RDMA (Remote Direct Memory Access) is a high-speed network interconnection technology. Its core capability is to enable direct cross-device memory access while bypassing the CPU and operating system kernel, which significantly reduces communication latency and CPU consumption. It has become a core supporting technology for high-performance computing (HPC), artificial intelligence, financial high-frequency trading and other scenarios. Over the past two decades, RDMA has evolved from a niche dedicated technology to a mainstream general-purpose solution and achieved domestic technological breakthroughs. Its development can be divided into five key stages.

I. Late 1990s – 2000: Technology Germination

In the 1990s, with the rapid development of high-performance computing, the traditional TCP/IP protocol stack became a major bottleneck due to high data copy latency and excessive CPU occupation. Enterprises including IBM and HP explored CPU-free remote memory access technologies, giving birth to the concept of RDMA. In 1999, the IBTA (InfiniBand Trade Association) was founded. In 2000, the InfiniBand specification was released, taking RDMA as its core feature, which marked the official launch of RDMA technology. At this stage, RDMA relied on the InfiniBand architecture and was only applied to high-end HPC scenarios.

II. 2001 – 2010: Architecture Deepening and Route Expansion

During this period, the InfiniBand architecture was continuously improved, achieving ultra-low latency (≤ 1 microsecond) and high throughput, making it the preferred solution for high-end HPC. However, its dedicated hardware led to high deployment costs and a closed ecosystem. To break the technical monopoly, the industry explored the integration of RDMA and Ethernet. The RDMA Alliance was established in 2003. In 2007, the iWARP technology was standardized, enabling RDMA operation on traditional Ethernet and supporting wide-area network adaptation. Meanwhile, the OFA organization optimized the software ecosystem and launched the OFED protocol stack, lowering the application threshold of RDMA technology.

III. 2011 – 2014: Ethernet Integration and Protocol Finalization

The core breakthrough of this stage was the launch of the RoCE series protocols, realizing the in-depth integration of RDMA and Ethernet. RoCEv1 was released in 2010, operating on the Layer 2 of Ethernet and relying on PFC to ensure lossless transmission, though it could not cross subnets. In 2014, RoCEv2 was upgraded to Layer 3, supporting cross-subnet routing and optimized congestion control, striking a balance between performance and cost, and becoming the mainstream protocol for data centers. At this point, three differentiated technical routes were formed: InfiniBand, RoCE and iWARP.
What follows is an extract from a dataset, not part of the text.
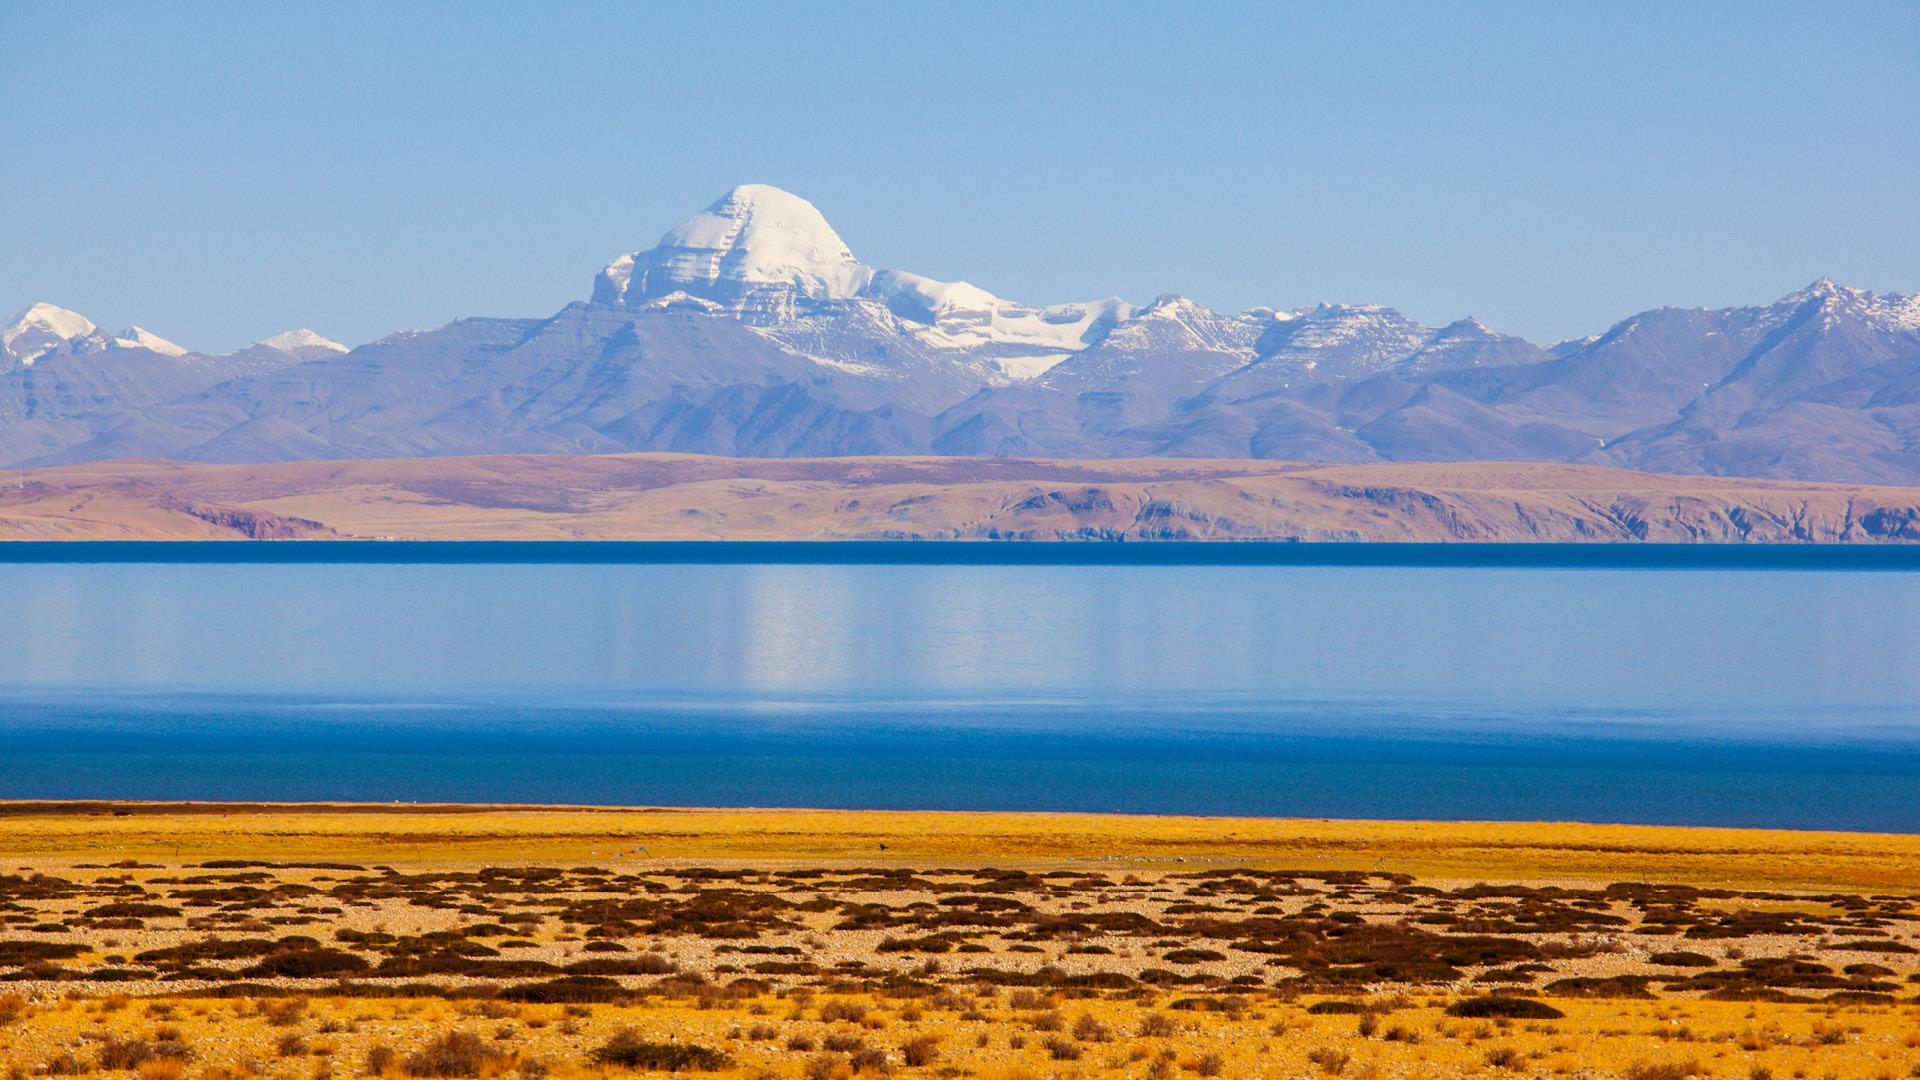 Kailash mansarovar may soon get unesco world heritage title - Kailash mansarovar om ...
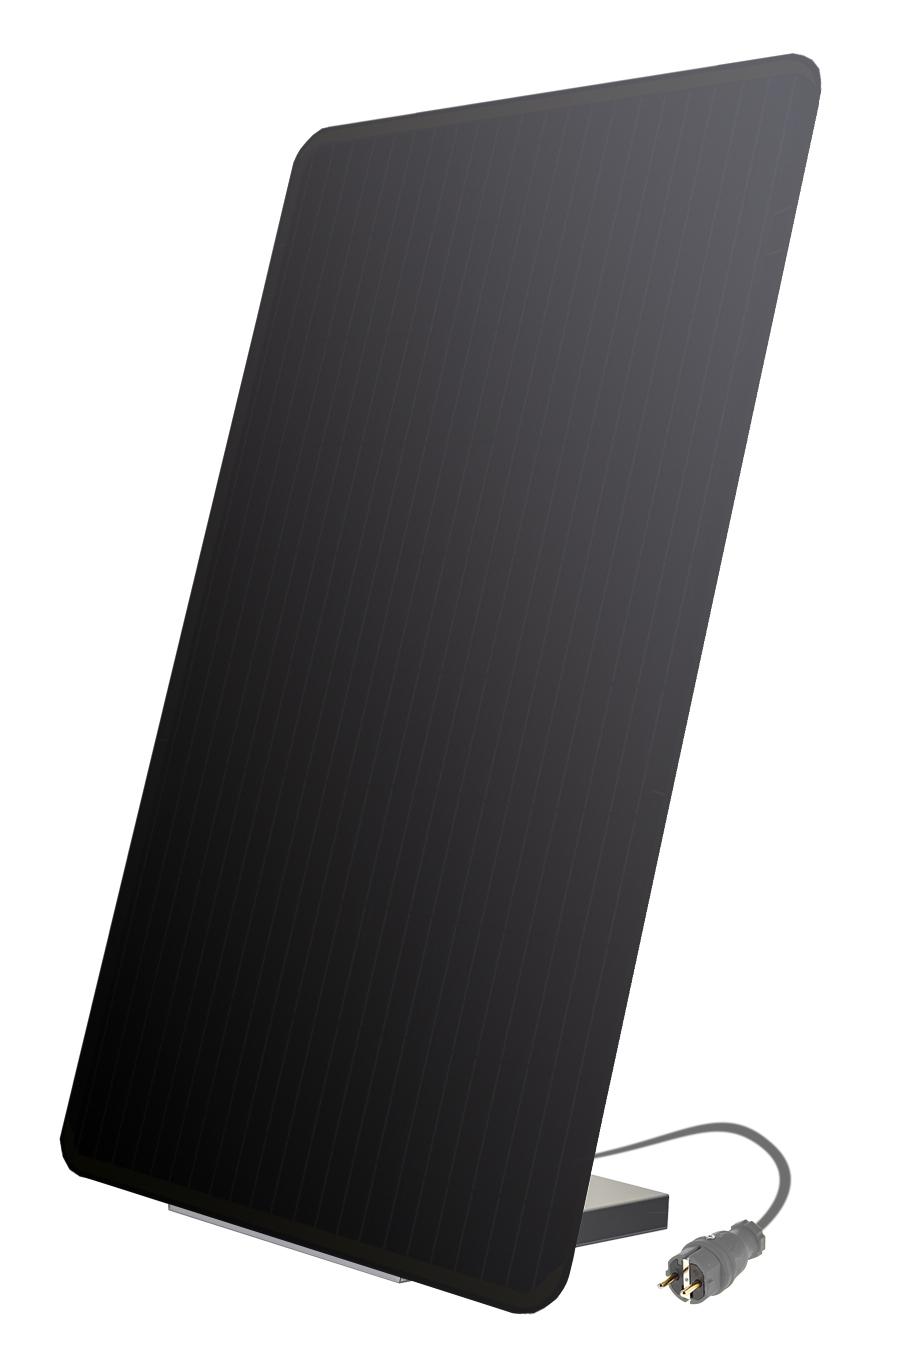 Comfort-Set: Plug-In Solarmodul MEIN KRAFTWERK - Black Edition inkl. Montagekit

IV. 2015 – 2025: Scenario Expansion and Ecosystem Improvement

With the rise of cloud computing and artificial intelligence, RDMA expanded from HPC to general data centers, supporting core scenarios such as GPU cluster gradient synchronization and compute-storage separation in intelligent computing centers, as well as financial high-frequency trading and distributed databases. Technically, the bandwidth of InfiniBand was upgraded to 400G and 800G, and RoCEv2 was continuously optimized. Ecologically, Chinese manufacturers such as Huawei and ZTE broke overseas technological monopolies and improved software adaptability. The issued in 2025 further promoted the popularization of RDMA technology.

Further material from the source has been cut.